[ASSIGNED TASK] Each line of the listing below should be restated word for word.

[DATA SHOWN]

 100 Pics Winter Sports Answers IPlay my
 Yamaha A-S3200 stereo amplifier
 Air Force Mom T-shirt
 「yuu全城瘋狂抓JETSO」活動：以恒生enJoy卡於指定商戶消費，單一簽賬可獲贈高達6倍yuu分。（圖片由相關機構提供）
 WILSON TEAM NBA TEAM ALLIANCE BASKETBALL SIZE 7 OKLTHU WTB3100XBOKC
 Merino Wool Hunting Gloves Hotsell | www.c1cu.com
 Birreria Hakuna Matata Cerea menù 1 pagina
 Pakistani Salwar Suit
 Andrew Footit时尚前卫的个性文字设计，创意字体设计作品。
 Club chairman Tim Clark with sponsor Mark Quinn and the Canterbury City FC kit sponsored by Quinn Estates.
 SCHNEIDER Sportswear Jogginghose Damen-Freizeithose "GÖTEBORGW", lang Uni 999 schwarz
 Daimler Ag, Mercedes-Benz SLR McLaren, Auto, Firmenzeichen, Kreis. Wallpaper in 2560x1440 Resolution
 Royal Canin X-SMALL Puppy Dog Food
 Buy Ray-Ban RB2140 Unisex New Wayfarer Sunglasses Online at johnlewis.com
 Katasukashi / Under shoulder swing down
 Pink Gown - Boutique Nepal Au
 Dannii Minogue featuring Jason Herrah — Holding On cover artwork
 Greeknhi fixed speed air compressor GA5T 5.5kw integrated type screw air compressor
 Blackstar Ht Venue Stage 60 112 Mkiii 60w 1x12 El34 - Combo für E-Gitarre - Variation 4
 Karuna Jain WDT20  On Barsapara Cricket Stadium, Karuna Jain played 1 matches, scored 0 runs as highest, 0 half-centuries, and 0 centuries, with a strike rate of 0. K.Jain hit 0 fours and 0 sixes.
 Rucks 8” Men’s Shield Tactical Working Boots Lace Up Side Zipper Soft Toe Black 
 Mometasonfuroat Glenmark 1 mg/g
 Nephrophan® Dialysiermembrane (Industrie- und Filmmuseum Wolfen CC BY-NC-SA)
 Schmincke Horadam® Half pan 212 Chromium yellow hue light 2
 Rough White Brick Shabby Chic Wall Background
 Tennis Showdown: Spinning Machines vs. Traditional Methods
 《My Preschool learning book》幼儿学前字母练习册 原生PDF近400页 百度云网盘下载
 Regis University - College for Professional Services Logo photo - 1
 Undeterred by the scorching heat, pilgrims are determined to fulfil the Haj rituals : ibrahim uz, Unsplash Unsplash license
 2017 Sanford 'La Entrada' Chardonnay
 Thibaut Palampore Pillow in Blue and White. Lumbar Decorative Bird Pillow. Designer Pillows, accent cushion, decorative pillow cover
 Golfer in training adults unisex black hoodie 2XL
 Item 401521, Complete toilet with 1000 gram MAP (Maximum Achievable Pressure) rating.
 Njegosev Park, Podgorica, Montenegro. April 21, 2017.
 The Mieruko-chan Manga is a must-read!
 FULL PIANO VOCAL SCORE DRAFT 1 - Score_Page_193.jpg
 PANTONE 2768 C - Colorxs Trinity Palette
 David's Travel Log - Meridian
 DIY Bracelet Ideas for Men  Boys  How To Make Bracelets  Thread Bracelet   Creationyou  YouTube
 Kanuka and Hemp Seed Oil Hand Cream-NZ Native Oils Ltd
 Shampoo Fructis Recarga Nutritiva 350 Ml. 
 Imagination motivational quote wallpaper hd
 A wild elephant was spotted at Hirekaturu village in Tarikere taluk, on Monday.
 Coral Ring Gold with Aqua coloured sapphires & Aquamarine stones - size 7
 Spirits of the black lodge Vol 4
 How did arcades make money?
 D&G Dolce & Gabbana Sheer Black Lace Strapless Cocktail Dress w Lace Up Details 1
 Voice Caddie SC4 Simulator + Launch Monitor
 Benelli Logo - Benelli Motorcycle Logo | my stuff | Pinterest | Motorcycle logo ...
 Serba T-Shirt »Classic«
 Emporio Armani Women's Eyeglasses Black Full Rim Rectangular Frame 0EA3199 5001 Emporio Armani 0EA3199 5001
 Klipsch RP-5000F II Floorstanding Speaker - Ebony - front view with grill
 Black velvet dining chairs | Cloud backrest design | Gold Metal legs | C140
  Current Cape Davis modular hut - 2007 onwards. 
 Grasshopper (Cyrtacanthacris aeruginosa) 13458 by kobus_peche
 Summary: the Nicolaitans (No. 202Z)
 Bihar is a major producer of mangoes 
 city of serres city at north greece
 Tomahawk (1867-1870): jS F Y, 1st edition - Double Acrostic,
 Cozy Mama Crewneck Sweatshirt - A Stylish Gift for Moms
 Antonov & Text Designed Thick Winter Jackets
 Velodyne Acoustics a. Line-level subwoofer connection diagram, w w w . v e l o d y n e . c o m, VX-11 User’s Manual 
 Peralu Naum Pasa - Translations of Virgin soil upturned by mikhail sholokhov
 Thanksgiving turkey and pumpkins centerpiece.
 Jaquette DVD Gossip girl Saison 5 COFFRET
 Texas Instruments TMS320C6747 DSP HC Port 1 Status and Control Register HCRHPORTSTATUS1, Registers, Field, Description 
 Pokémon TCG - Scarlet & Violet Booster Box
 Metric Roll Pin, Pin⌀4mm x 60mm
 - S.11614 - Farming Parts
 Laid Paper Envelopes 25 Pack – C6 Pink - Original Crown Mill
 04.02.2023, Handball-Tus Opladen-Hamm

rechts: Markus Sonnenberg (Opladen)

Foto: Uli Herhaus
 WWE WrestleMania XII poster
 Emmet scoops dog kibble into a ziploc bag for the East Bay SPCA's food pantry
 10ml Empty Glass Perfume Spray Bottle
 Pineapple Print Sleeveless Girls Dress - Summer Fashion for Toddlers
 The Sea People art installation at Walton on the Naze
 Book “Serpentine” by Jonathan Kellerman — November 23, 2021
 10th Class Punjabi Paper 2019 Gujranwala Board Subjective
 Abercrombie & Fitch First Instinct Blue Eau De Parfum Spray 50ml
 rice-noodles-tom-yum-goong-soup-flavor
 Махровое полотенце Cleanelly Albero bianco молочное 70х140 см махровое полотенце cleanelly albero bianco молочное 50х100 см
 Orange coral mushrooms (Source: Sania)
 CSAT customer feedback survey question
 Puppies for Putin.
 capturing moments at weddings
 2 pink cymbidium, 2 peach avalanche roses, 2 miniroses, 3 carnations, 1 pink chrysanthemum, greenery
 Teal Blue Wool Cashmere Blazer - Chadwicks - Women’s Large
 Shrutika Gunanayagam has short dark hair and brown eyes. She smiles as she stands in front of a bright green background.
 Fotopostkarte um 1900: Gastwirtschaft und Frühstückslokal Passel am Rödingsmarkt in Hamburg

[RESPONSE]
 100 Pics Winter Sports Answers IPlay my
 Yamaha A-S3200 stereo amplifier
 Air Force Mom T-shirt
 「yuu全城瘋狂抓JETSO」活動：以恒生enJoy卡於指定商戶消費，單一簽賬可獲贈高達6倍yuu分。（圖片由相關機構提供）
 WILSON TEAM NBA TEAM ALLIANCE BASKETBALL SIZE 7 OKLTHU WTB3100XBOKC
 Merino Wool Hunting Gloves Hotsell | www.c1cu.com
 Birreria Hakuna Matata Cerea menù 1 pagina
 Pakistani Salwar Suit
 Andrew Footit时尚前卫的个性文字设计，创意字体设计作品。
 Club chairman Tim Clark with sponsor Mark Quinn and the Canterbury City FC kit sponsored by Quinn Estates.
 SCHNEIDER Sportswear Jogginghose Damen-Freizeithose "GÖTEBORGW", lang Uni 999 schwarz
 Daimler Ag, Mercedes-Benz SLR McLaren, Auto, Firmenzeichen, Kreis. Wallpaper in 2560x1440 Resolution
 Royal Canin X-SMALL Puppy Dog Food
 Buy Ray-Ban RB2140 Unisex New Wayfarer Sunglasses Online at johnlewis.com
 Katasukashi / Under shoulder swing down
 Pink Gown - Boutique Nepal Au
 Dannii Minogue featuring Jason Herrah — Holding On cover artwork
 Greeknhi fixed speed air compressor GA5T 5.5kw integrated type screw air compressor
 Blackstar Ht Venue Stage 60 112 Mkiii 60w 1x12 El34 - Combo für E-Gitarre - Variation 4
 Karuna Jain WDT20  On Barsapara Cricket Stadium, Karuna Jain played 1 matches, scored 0 runs as highest, 0 half-centuries, and 0 centuries, with a strike rate of 0. K.Jain hit 0 fours and 0 sixes.
 Rucks 8” Men’s Shield Tactical Working Boots Lace Up Side Zipper Soft Toe Black 
 Mometasonfuroat Glenmark 1 mg/g
 Nephrophan® Dialysiermembrane (Industrie- und Filmmuseum Wolfen CC BY-NC-SA)
 Schmincke Horadam® Half pan 212 Chromium yellow hue light 2
 Rough White Brick Shabby Chic Wall Background
 Tennis Showdown: Spinning Machines vs. Traditional Methods
 《My Preschool learning book》幼儿学前字母练习册 原生PDF近400页 百度云网盘下载
 Regis University - College for Professional Services Logo photo - 1
 Undeterred by the scorching heat, pilgrims are determined to fulfil the Haj rituals : ibrahim uz, Unsplash Unsplash license
 2017 Sanford 'La Entrada' Chardonnay
 Thibaut Palampore Pillow in Blue and White. Lumbar Decorative Bird Pillow. Designer Pillows, accent cushion, decorative pillow cover
 Golfer in training adults unisex black hoodie 2XL
 Item 401521, Complete toilet with 1000 gram MAP (Maximum Achievable Pressure) rating.
 Njegosev Park, Podgorica, Montenegro. April 21, 2017.
 The Mieruko-chan Manga is a must-read!
 FULL PIANO VOCAL SCORE DRAFT 1 - Score_Page_193.jpg
 PANTONE 2768 C - Colorxs Trinity Palette
 David's Travel Log - Meridian
 DIY Bracelet Ideas for Men  Boys  How To Make Bracelets  Thread Bracelet   Creationyou  YouTube
 Kanuka and Hemp Seed Oil Hand Cream-NZ Native Oils Ltd
 Shampoo Fructis Recarga Nutritiva 350 Ml. 
 Imagination motivational quote wallpaper hd
 A wild elephant was spotted at Hirekaturu village in Tarikere taluk, on Monday.
 Coral Ring Gold with Aqua coloured sapphires & Aquamarine stones - size 7
 Spirits of the black lodge Vol 4
 How did arcades make money?
 D&G Dolce & Gabbana Sheer Black Lace Strapless Cocktail Dress w Lace Up Details 1
 Voice Caddie SC4 Simulator + Launch Monitor
 Benelli Logo - Benelli Motorcycle Logo | my stuff | Pinterest | Motorcycle logo ...
 Serba T-Shirt »Classic«
 Emporio Armani Women's Eyeglasses Black Full Rim Rectangular Frame 0EA3199 5001 Emporio Armani 0EA3199 5001
 Klipsch RP-5000F II Floorstanding Speaker - Ebony - front view with grill
 Black velvet dining chairs | Cloud backrest design | Gold Metal legs | C140
  Current Cape Davis modular hut - 2007 onwards. 
 Grasshopper (Cyrtacanthacris aeruginosa) 13458 by kobus_peche
 Summary: the Nicolaitans (No. 202Z)
 Bihar is a major producer of mangoes 
 city of serres city at north greece
 Tomahawk (1867-1870): jS F Y, 1st edition - Double Acrostic,
 Cozy Mama Crewneck Sweatshirt - A Stylish Gift for Moms
 Antonov & Text Designed Thick Winter Jackets
 Velodyne Acoustics a. Line-level subwoofer connection diagram, w w w . v e l o d y n e . c o m, VX-11 User’s Manual 
 Peralu Naum Pasa - Translations of Virgin soil upturned by mikhail sholokhov
 Thanksgiving turkey and pumpkins centerpiece.
 Jaquette DVD Gossip girl Saison 5 COFFRET
 Texas Instruments TMS320C6747 DSP HC Port 1 Status and Control Register HCRHPORTSTATUS1, Registers, Field, Description 
 Pokémon TCG - Scarlet & Violet Booster Box
 Metric Roll Pin, Pin⌀4mm x 60mm
 - S.11614 - Farming Parts
 Laid Paper Envelopes 25 Pack – C6 Pink - Original Crown Mill
 04.02.2023, Handball-Tus Opladen-Hamm

rechts: Markus Sonnenberg (Opladen)

Foto: Uli Herhaus
 WWE WrestleMania XII poster
 Emmet scoops dog kibble into a ziploc bag for the East Bay SPCA's food pantry
 10ml Empty Glass Perfume Spray Bottle
 Pineapple Print Sleeveless Girls Dress - Summer Fashion for Toddlers
 The Sea People art installation at Walton on the Naze
 Book “Serpentine” by Jonathan Kellerman — November 23, 2021
 10th Class Punjabi Paper 2019 Gujranwala Board Subjective
 Abercrombie & Fitch First Instinct Blue Eau De Parfum Spray 50ml
 rice-noodles-tom-yum-goong-soup-flavor
 Махровое полотенце Cleanelly Albero bianco молочное 70х140 см махровое полотенце cleanelly albero bianco молочное 50х100 см
 Orange coral mushrooms (Source: Sania)
 CSAT customer feedback survey question
 Puppies for Putin.
 capturing moments at weddings
 2 pink cymbidium, 2 peach avalanche roses, 2 miniroses, 3 carnations, 1 pink chrysanthemum, greenery
 Teal Blue Wool Cashmere Blazer - Chadwicks - Women’s Large
 Shrutika Gunanayagam has short dark hair and brown eyes. She smiles as she stands in front of a bright green background.
 Fotopostkarte um 1900: Gastwirtschaft und Frühstückslokal Passel am Rödingsmarkt in Hamburg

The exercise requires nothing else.